La signora proprietaria del balcone aveva capito l’antifona: il rumore sentito pochi istanti prima, era stato causato da una pallonata che aveva quasi infranto la vetrina della porta del balcone. Lentamente la signora andava a verificare i danni, che spesso non c’erano, prendeva il pallone in mano, e se ti andava bene te lo restituiva, quasi lanciandotelo sulla testa. Se invece ti andava male, se lo prendeva lei oppure te lo spaccava in diretta con un coltello o forbice. Fine del primo trauma infantile!

Ma il trauma più grave infantile/sportivo che ti poteva capitare, era quando bisognava recuperare un pallone che finiva sotto un’automobile. Non proprio ai bordi inferiori dell’auto, ma proprio nel mezzo, tra le ruote anteriori e quelle posteriori. Dove una manina o una gambina, non potevano arrivarci facilmente. L’addetto al recupero del pallone sotto la macchina, era sempre colui che ce l’aveva mandato lì sotto. E allora si iniziavano a fare i primi tentativi.

Si metteva la faccia a terra toccando la polvere stradale con le labbra, e poi  con la mano più abile (la destra?) si cercava di raggiungere il pallone e di spingerlo fuori.
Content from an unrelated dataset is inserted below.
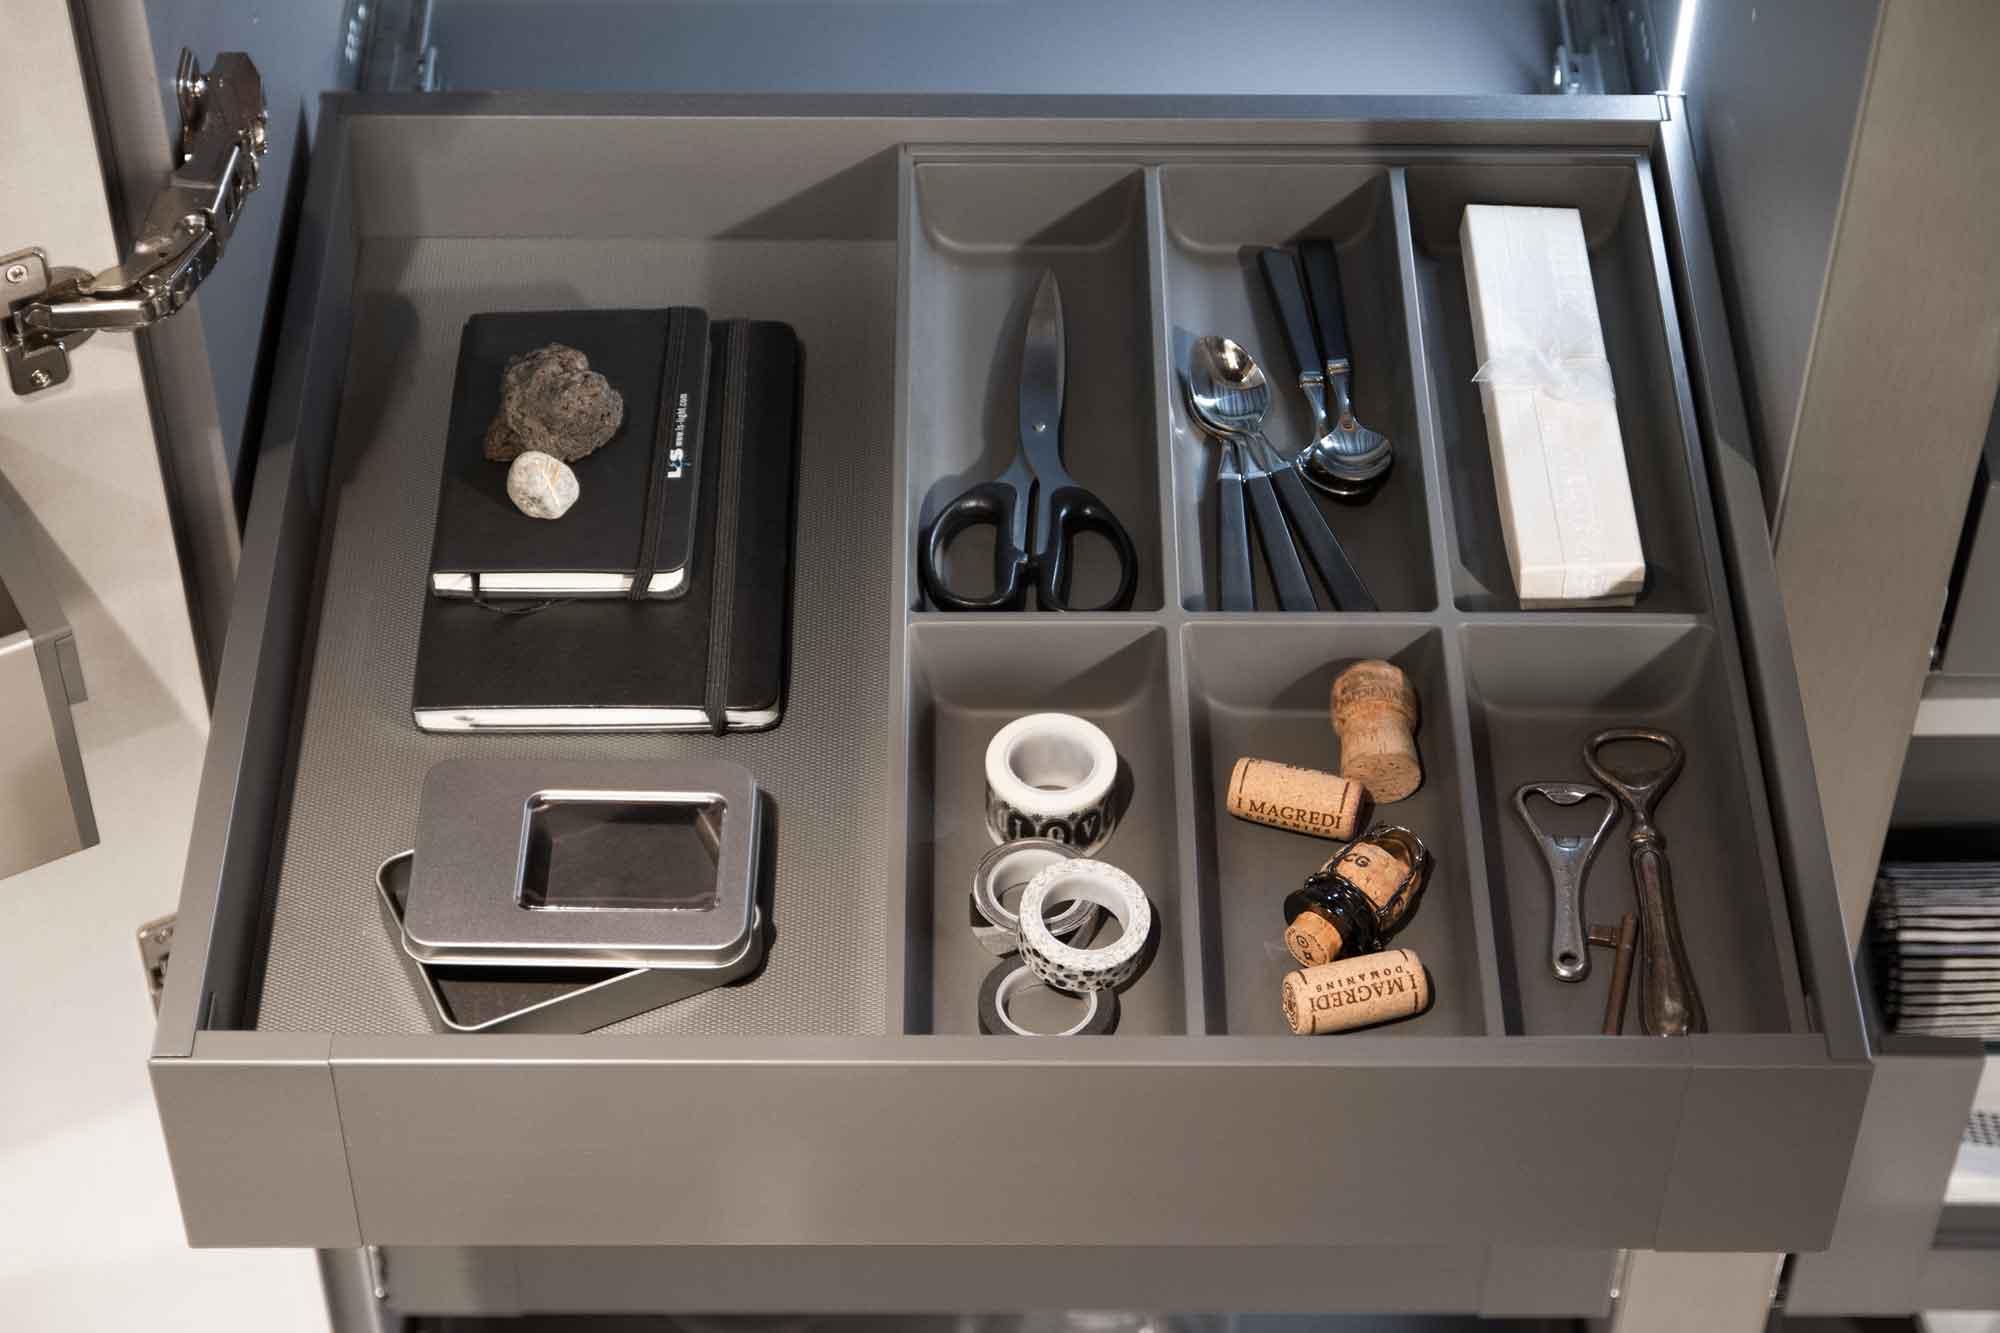 Cucina_moderna_cassetto_interni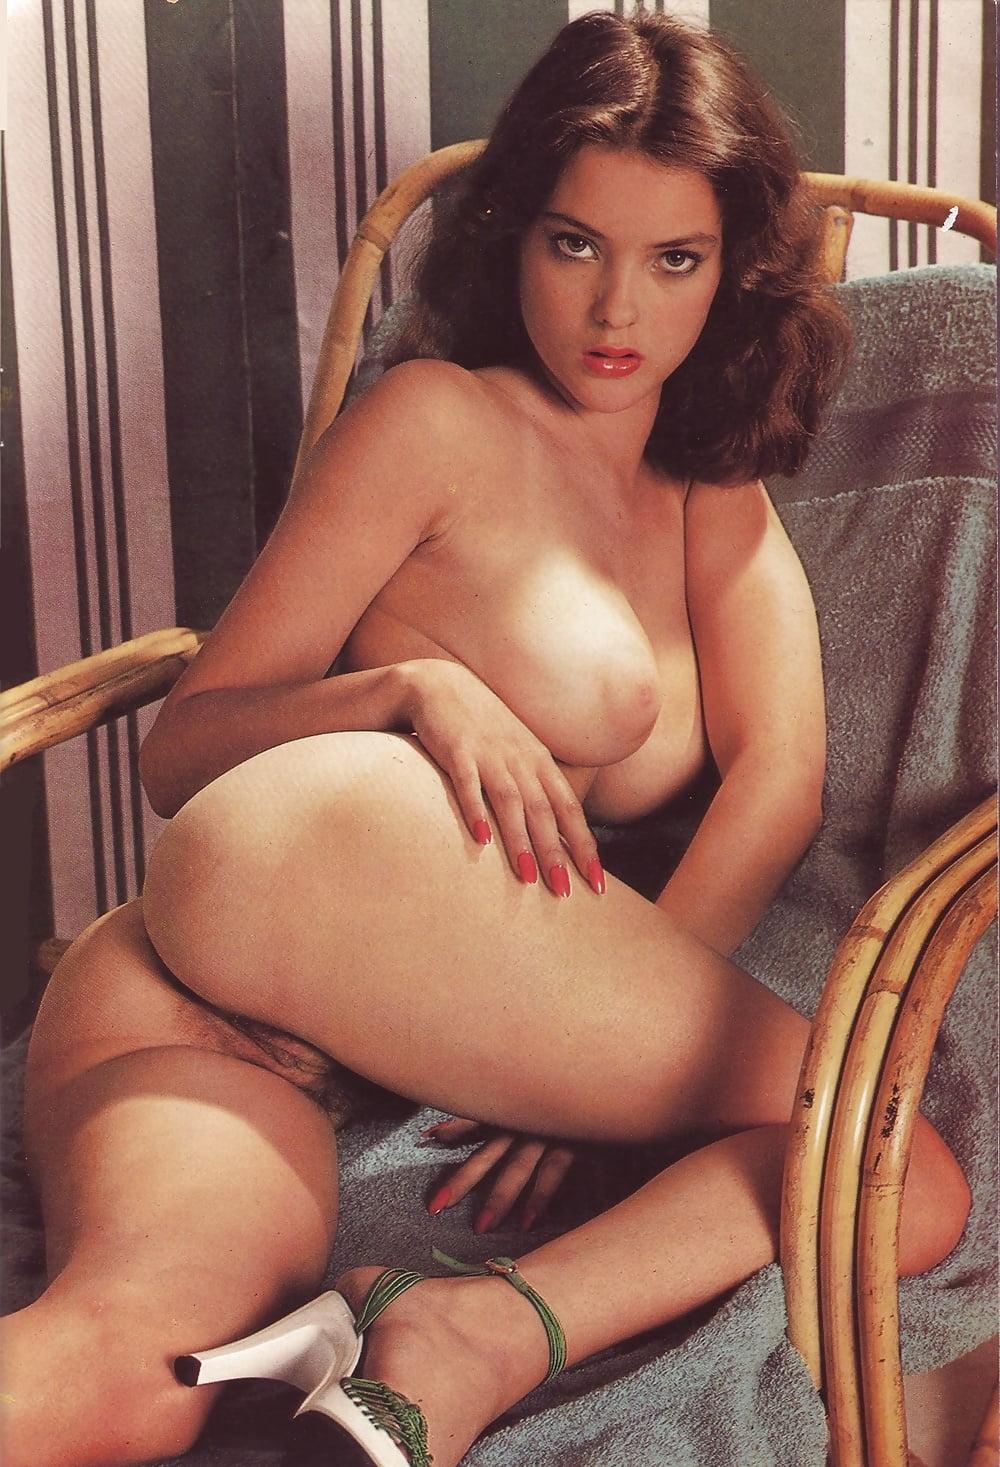 Porn classic porn star porn star keisha porn star keisha classic porn

Operazione molto difficile, lo si capiva dai primi tentativi, anche perchè, spesso, il pallone si quasi incastrava sotto l’auto, come se avesse trovato naturalmente un proprio habitat di riposo. Come dire, il pallone si è stancato di essere preso a calci, e ha deciso di riposarsi   proprio lì. Quasi una sede scelta dalla palla: e poi dicono che solo gli umani   hanno la coscienza!!

Visto che il braccino era corto, si cercava di far uscire il pallone da sotto la macchina, allungando la gamba, o tutte e due, mettendosi seduto per terra per poi allungandosi verso la zona dove la palla riposa. Anche in questo caso non sempre l’operazione riusciva in pochi minuti. Il corpo del ragazzino era quasi scomparso sotto l’automobile, ma il pallone non si riusciva a tirarlo fuori.

E allora si andava in casa per prendere una scopa, e si iniziava a colpire la palla. Sembrava tutto facile: ma non sempre il pallone usciva da lì sotto: spesso, colpendolo, il pallone si adagiava proprio sotto il motore. Dove la parte inferiore è quasi ondulata e meno liscia, non permettendo un facile recupero della palla.

I tentativi erano quasi finiti, non si sapeva con cos’altro recuperare la palla. Non restava che chiamare il proprietario dell’automobile per farla spostare. Timidamente, si andava davanti la porta del proprietario dell’auto e si chiedeva: “Bell’om, pu spustà la machena, che sotta è ghiut a funì lu pallon?”

“Lu bell’om” (il signore) quasi sempre in quei momenti (di pomeriggio) dormiva o si riposava dopo aver lavorato la mattina. E allora bisognava aspettare che si svegliasse e avesse tanta pazienza a spostare lentamente!! la sua automobile, per farti recuperare il pallone da calcio. Si aspettava e intanto ci si asciugava il sudore e si rimproverava ancora una volta il ragazzino che con un calcio “poco professionale”, aveva mandato il pallone “sotta la machena”. Poiché quel ragazzino aveva, secondo i suoi amichetti,     “li ped a runcedd”. E si aspettava.

Poi improvvisamente il padrone dell’auto, usciva di casa, tutto assonnato, apriva la portiera e metteva in moto l’automobile. E i ragazzini che davano indicazioni “allu bell’om”, come muoversi per non far schiattare il pallone. Eh sì, c’era anche questo problema: un movimento brusco del guidatore avrebbe messo la parola fine alla palla!!

Ma c’era anche un’altra possibilità: appena il proprietario della macchina spostava anche di pochi centimetri l’auto, la palla poteva uscire da sola da sotto l’automobile, se la strada fosse stata in discesa!! Se invece l’auto si trovava su un terreno pianeggiante, in qual caso anche pochi centimetri di spostamento dell’auto potevano essere sufficienti, se un ragazzino allungasse il braccio o la gamba per far uscire da sotto quell’auto la palla!! Questa opzione era un po’ pericolosa!

Quasi sempre si riusciva a recuperare la palla. Quando non era possibile, si raccoglievano 50 lire a testa e si andava a comprare un pallone nuovo. E non si discuteva più su quello che era successo. Una semplice palla metteva tutti d’accordo: se ce n’era sempre una, significava che si poteva continuare a giocare. Aspettando la prossima “disgrazia”.